MPN_136 is part of a larger group of ABC transporters that constitute a significant portion of membrane transport proteins in Mycoplasma species. Studies have revealed high percentages of coding sequences encoding membrane transport proteins in different Mycoplasma strains, with M. hyopneumoniae strains J and 7448 containing 13.4% and 13.8% respectively, and M. synoviae strain 53 containing 11.2% . Among these transport proteins, ABC systems represent between 85.0% and 88.6% of those coding sequences . MPN_136 specifically functions as a permease component, forming the transmembrane channel of an ABC transporter system.
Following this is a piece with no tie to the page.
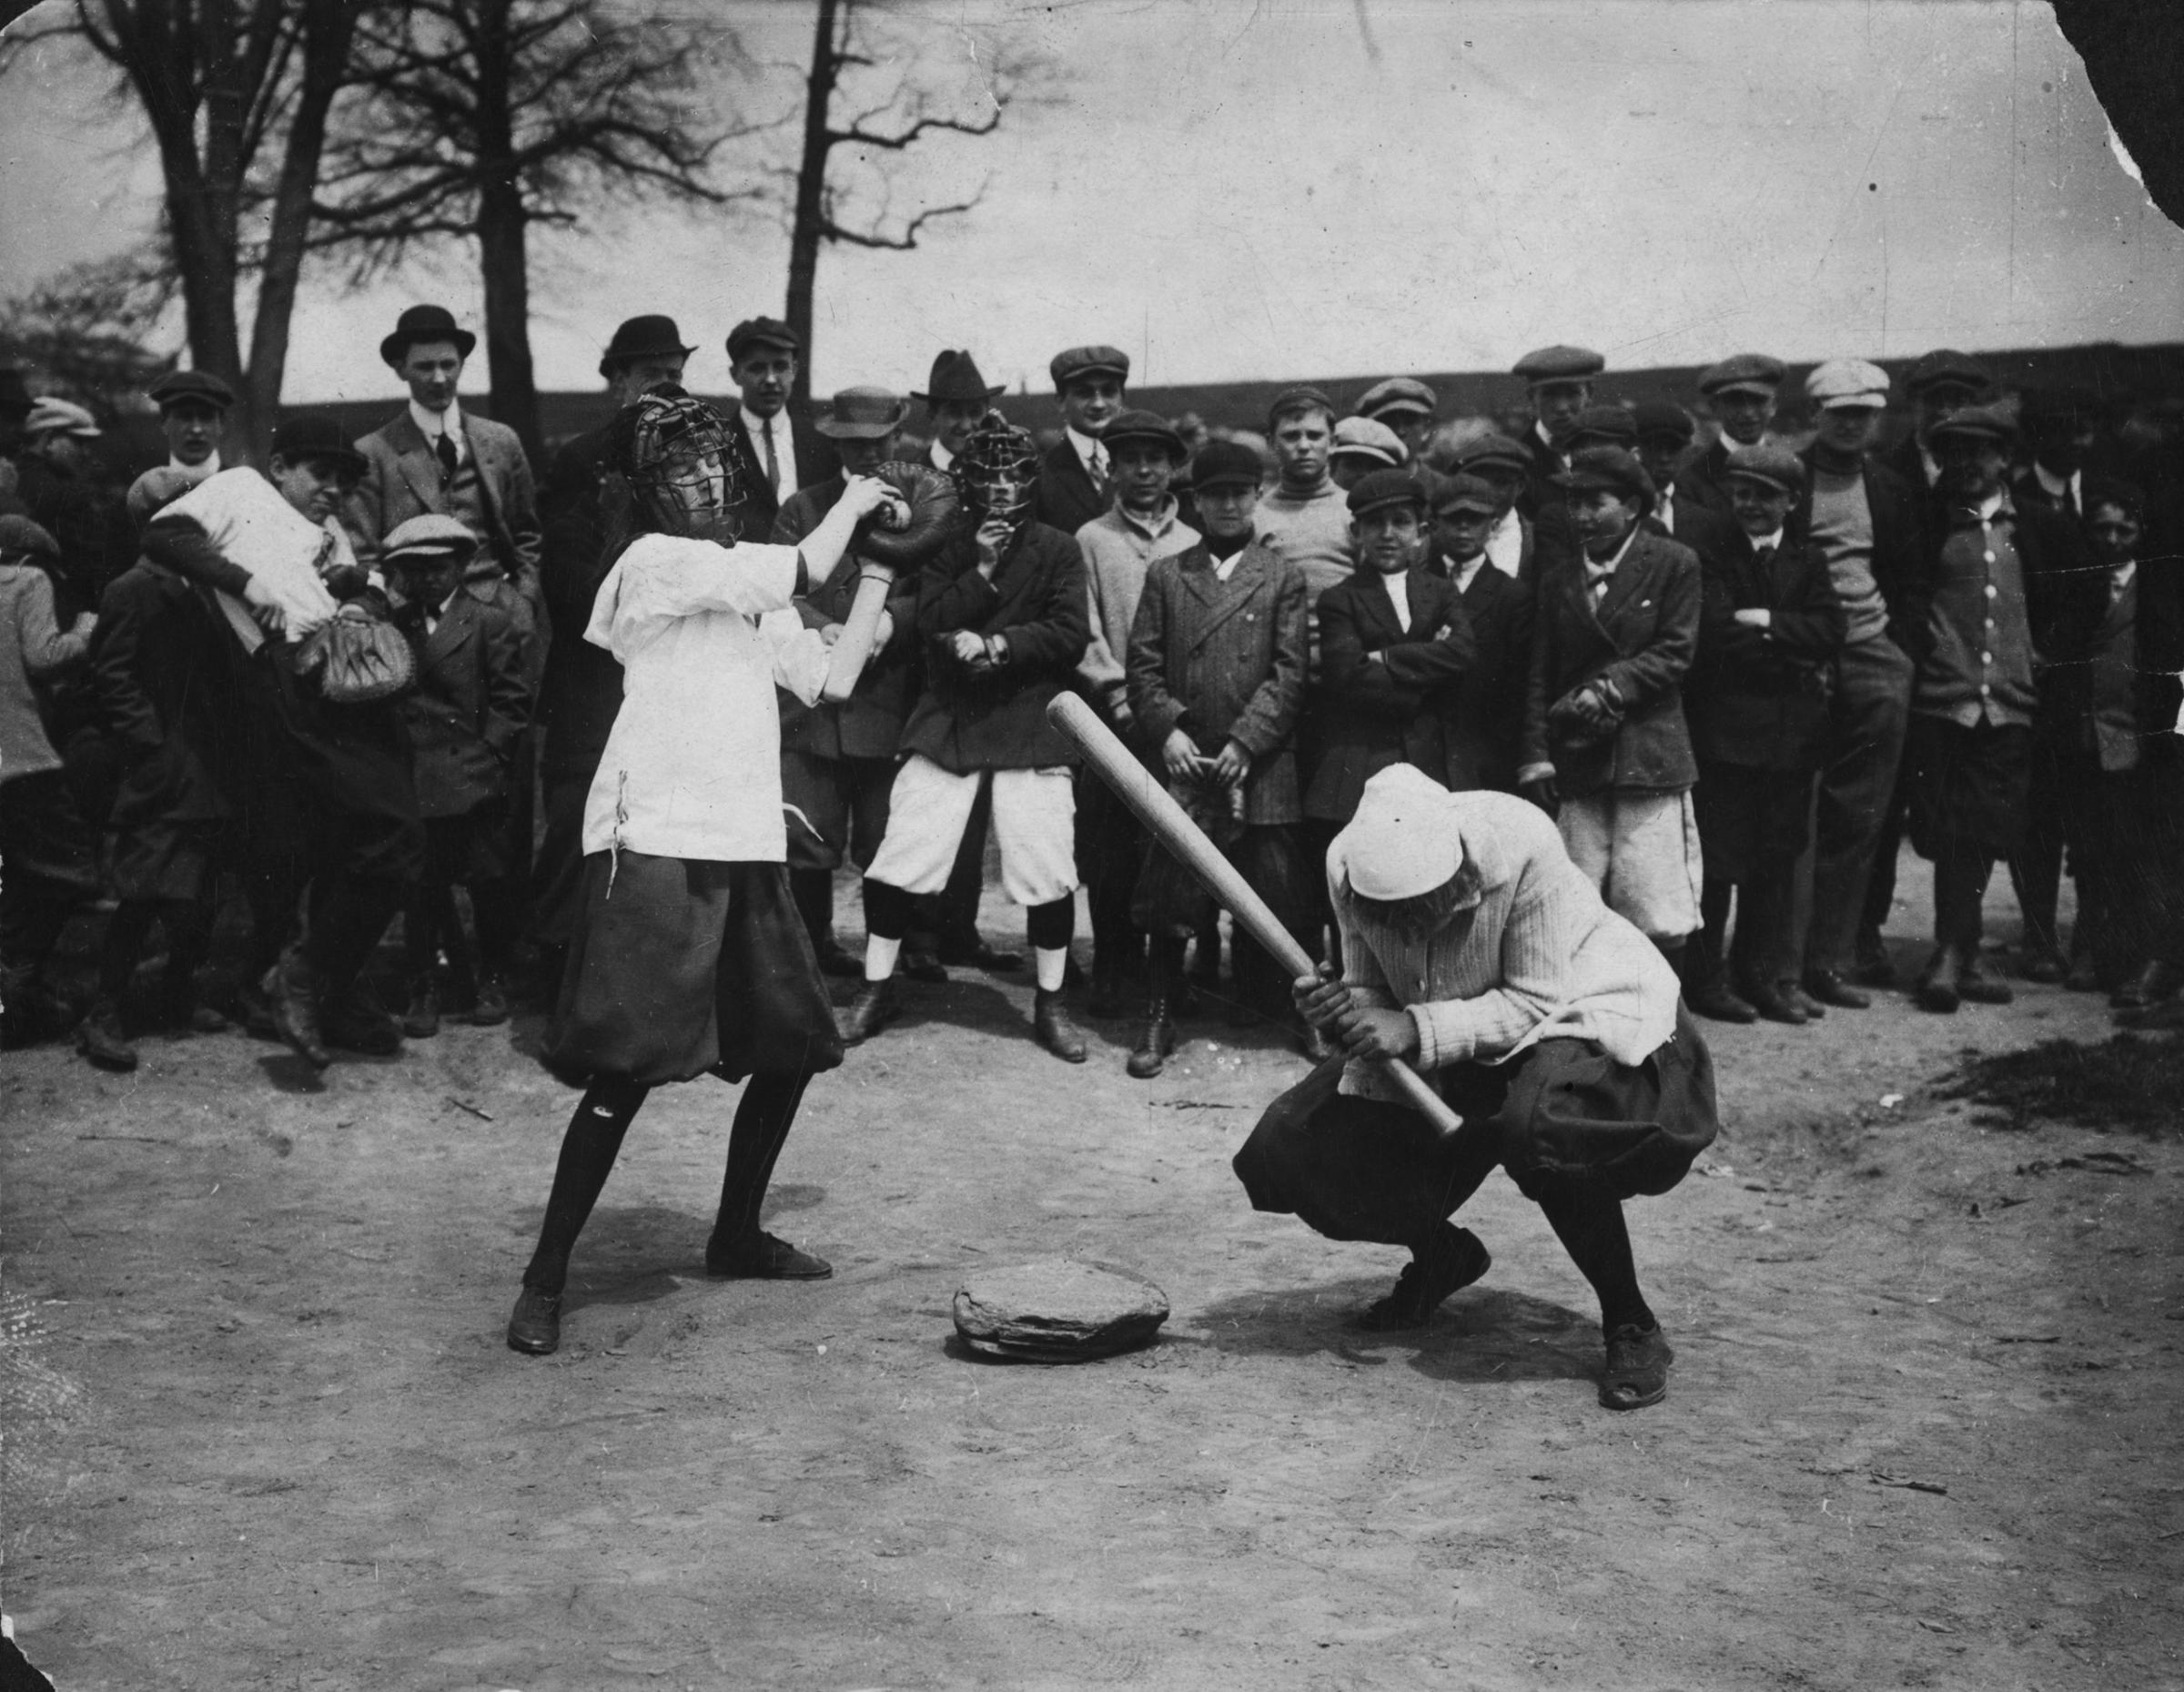 New York female "Giants" - Miss McCullum catcher and Miss Ryan at bat. Circa 1913.

The high conservation of ABC transporters across Mycoplasma species suggests their essential role in the survival and pathogenicity of these organisms.

What are the optimal conditions for recombinant expression of MPN_136?

The recombinant expression of MPN_136 has been successfully achieved in E. coli expression systems . For optimal expression, the following protocol is recommended:

• Clone the full-length MPN_136 gene (encoding amino acids 1-319) into an appropriate expression vector with an N-terminal His-tag

• Transform the construct into a compatible E. coli strain optimized for membrane protein expression (such as C41(DE3) or BL21(DE3) pLysS)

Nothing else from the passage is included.